St Doulagh's Church

St Doulagh's Church probably dates from the twelfth century. St Doulagh was an anchorite which means a type of hermit. A hermit would have hardly any contact with the outside world, eat only basic meals and spend the day praying.

This video is designed as a resource for primary and post-primary students up to Junior Certificate.

St Doulagh’s Church

On the way to Malahide, just off the Malahide Road and past Balgriffin Cemetery, stands a very old church. It  looks a bit like a medieval castle with its short and broad battlement tower, its steep stone roof and thick walls. The battlement was a low wall with openings for shooting the enemy.

The church probably dates from the twelfth century and was named after St Doulagh. St Doulagh was thought to have lived around 600 AD. He was an anchorite which means a type of hermit . A hermit would have had hardly any contact with the outside world, eat only basic meals and spend the day praying.

St Doulagh lived on his own in a cell either in the church or attached to it.

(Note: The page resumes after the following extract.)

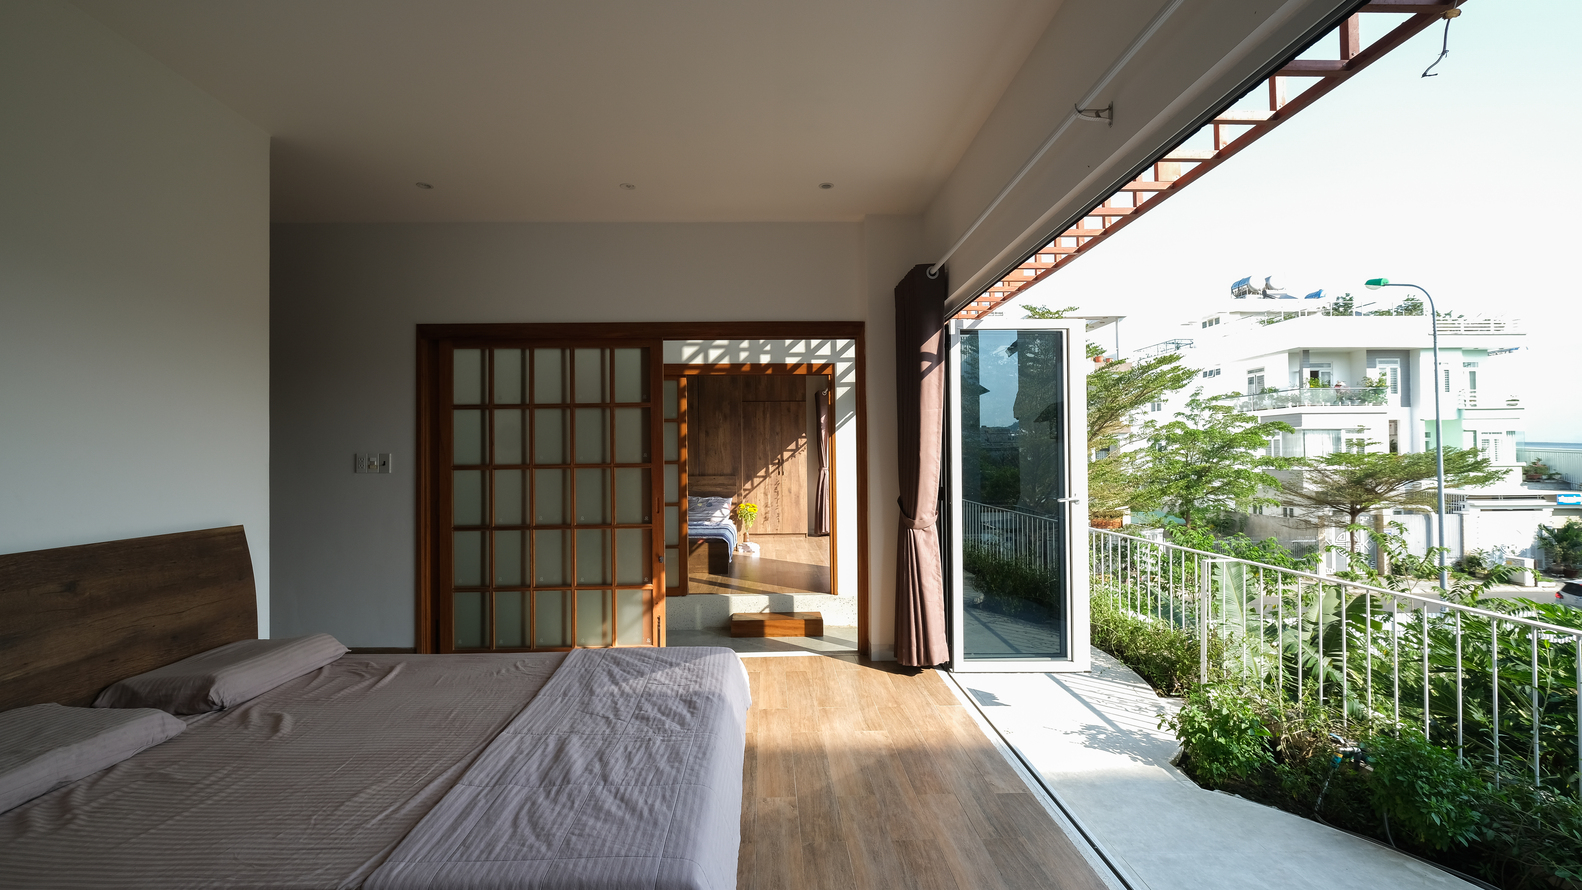 Các phòng ngủ được phân vùng với nhau bằng cửa trượt kiểu Nhật nên tiết kiệm diện tích và trông gọn gàng hơn so với cửa đóng mở thông thường.

There were many anchorites and hermits. These would have lived on their own in the wilderness in the first few centuries of the Christian church. Later on they formed groups with other hermits and this is how monasteries came about. In Ireland, however, the tradition of hermits lasted longer than in other western countries.

It is quite likely that St Doulagh’s later on became a small monastic settlement. In fact, there are several rooms in the church which could have served as rooms for the monks to come together. This is what is unusual about St Doulagh’s. It doesn’t have just one room used for service like most other churches. It has several rooms on different floors, connected by stone steps. The stone roof is a double roof, the outer roof covering the building and the inner roof dividing the lower from the upper floors.

St Doulagh’s also has a leper’s window where people who had infectious diseases such as leprosy could be given communion through the bars. Leprosy is a disease of the skin and nerves which was common in the Middle Ages. Leprosy is mentioned in the Bible as well. 

Outside of the church grounds stands a low eight-sided building covering a well within a round stone basin. This building was used for baptisms. It is the only building left in Ireland where people were baptised outside of the church building.

Nearby is an open-air pool with stone seating which might have been used for baptising adults.

An extension was added to the church in 1864 but it manages to blend in well with the old church. St Doulagh’s is the oldest stone-roofed church still in use. It is used for services of the Church of Ireland.